Digital transformation through customer experience: growth driver for suppliers of commodities?
Elodie Colin-Petit
CEO, Garance International | B2B industries : agriculture, food, packaging | ex-Director, Commercial Excellence (INVIVO, AMCOR) | Thesis Author: 'Escaping the B2B Price Trap' | Creator, Red Point (1300+followers)
Framework?
This article is aimed specifically at European suppliers of commodities (agricultural products, metals, polymers, minerals, packaging, enzymes, etc.), also called basic products, not or slightly processed, of everyday consumption, standards, with qualities perfectly defined and known to buyers, perfectly interchangeable, as opposed to specialty products. In this article, these products of commodities are sold to industrial customers producing so-called Fast-moving consumer goods (FMCG). Fast-moving consumer goods are products with a short shelf life, high frequency of consumption, and affordable prices, intended for the general public, such as food, beverages, pharmaceuticals, and cosmetics, and produced by multinationals such as General Mills, Danone, Mondelez, Nestlé, Heineken, Carlsberg, AB-Inbev, Procter & Gamble, Johnson & Johnson, Novartis, L’Oréal to name a few.
Preamble
It is common to meet commodity suppliers from mature markets like Europe whose strategy is mainly guided by the search for cost reduction and dominance by volumes. A strategy that once allowed these historic players to develop, but is maybe no longer suitable today?
Globalization has indeed favored the emergence of new commodities players, sometimes offering lower costs for a range of commodity products that are often similar in quality when compared to the offers available in Europe. However, after years of cost optimization and investment in new production capacities, some European commodity manufacturers soon reach the limit of their model, for technological reasons, among others (performance limits of the industrial tool), organizational (limits for reducing the wage bill and optimizing internal processes), financial (limits on investment capacities) or legal (limits for groupings of actors in the same sector, vis-à-vis the authorities competition).
At the same time, the world seems to be deeply marked by the advent of digital, opening up new perspectives in terms of services to individual consumers, notably in the name of ??the customer experience??. It is clear that trade aimed at professional customers (Business-to-Business) still pays little attention to services aimed at facilitating the relationship between a buyer and his supplier.
In this context, is the digitalization of the professional customer journey an axis of differentiation and value creation to be exploited in addition to a strategy of domination by costs and volumes?

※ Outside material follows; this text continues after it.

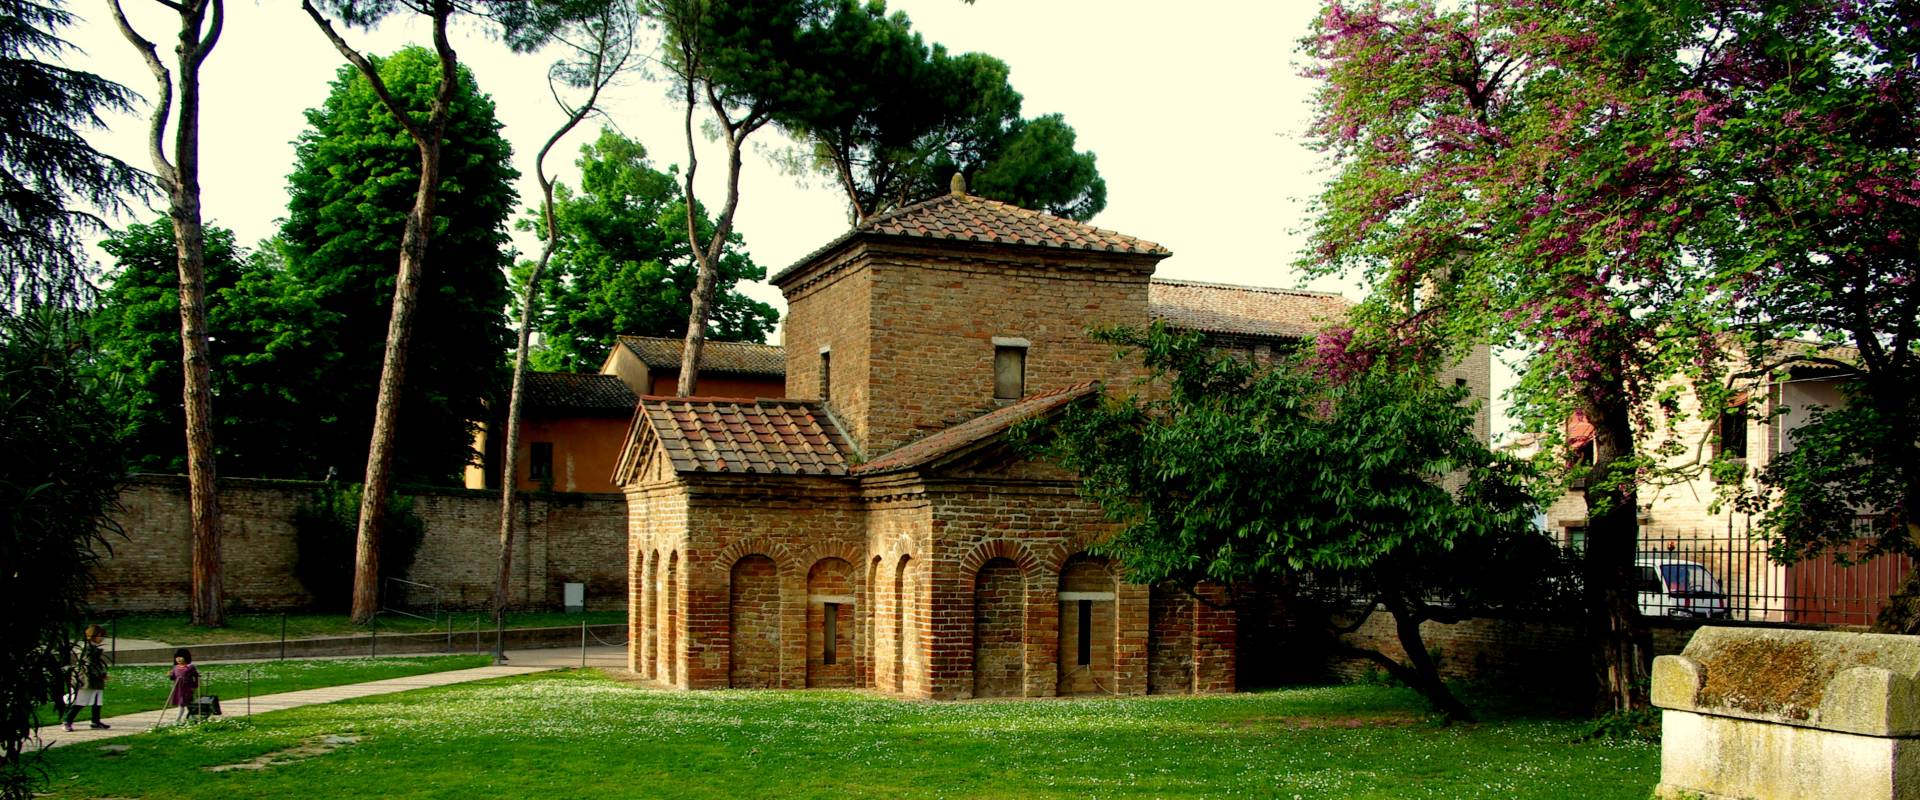 Il Mausoleo di Galla Placidia ai primi sentori della primavera photo by Federfabbri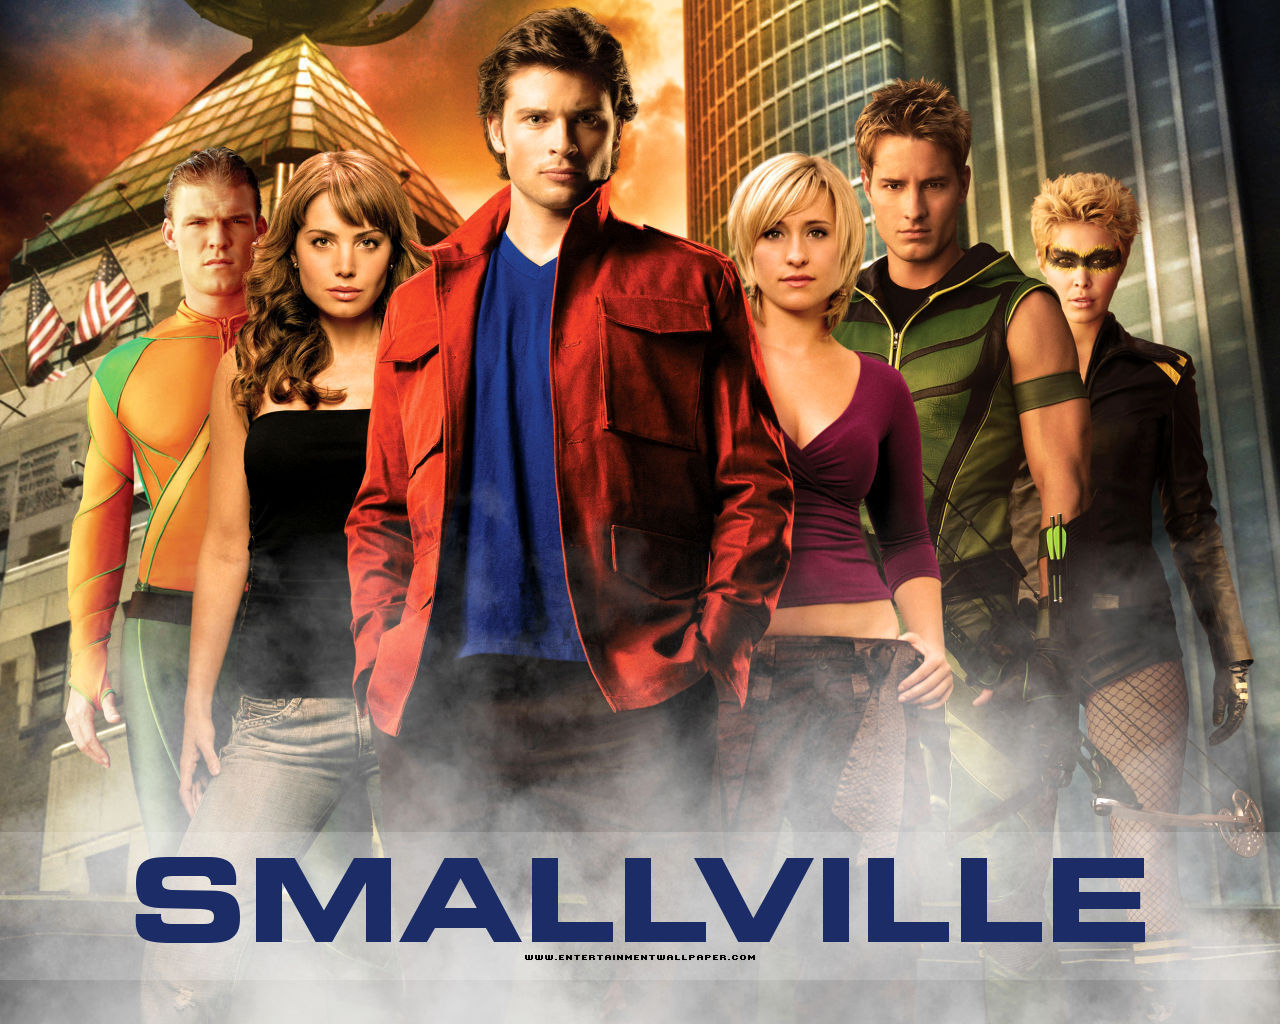 smallville tapete,film,poster,musical,fernsehprogramm,erfundener charakter

In this introductory article to the opportunities offered by the digitalization of the customer experience in the sale of commodities, I propose to address the main sociological and organizational arguments that make the digitization of the customer experience a potential lever of differentiation. and value creation. Then, I propose to identify what are the priorities of Fast-moving consumer goods manufacturers in terms of digitization.
1 / Buyers are changing?
After more than ten years in the sale of commodities to Fast-moving consumer goods manufacturers, I have seen an evolution in their purchasing practices. In my opinion, we are a long way from the days when buyers did not have access to information and where their means of access to the product was to let the salespeople come to them, whether it was through the telephone, from physical visits, sending a brochure or catalog, or even trade shows.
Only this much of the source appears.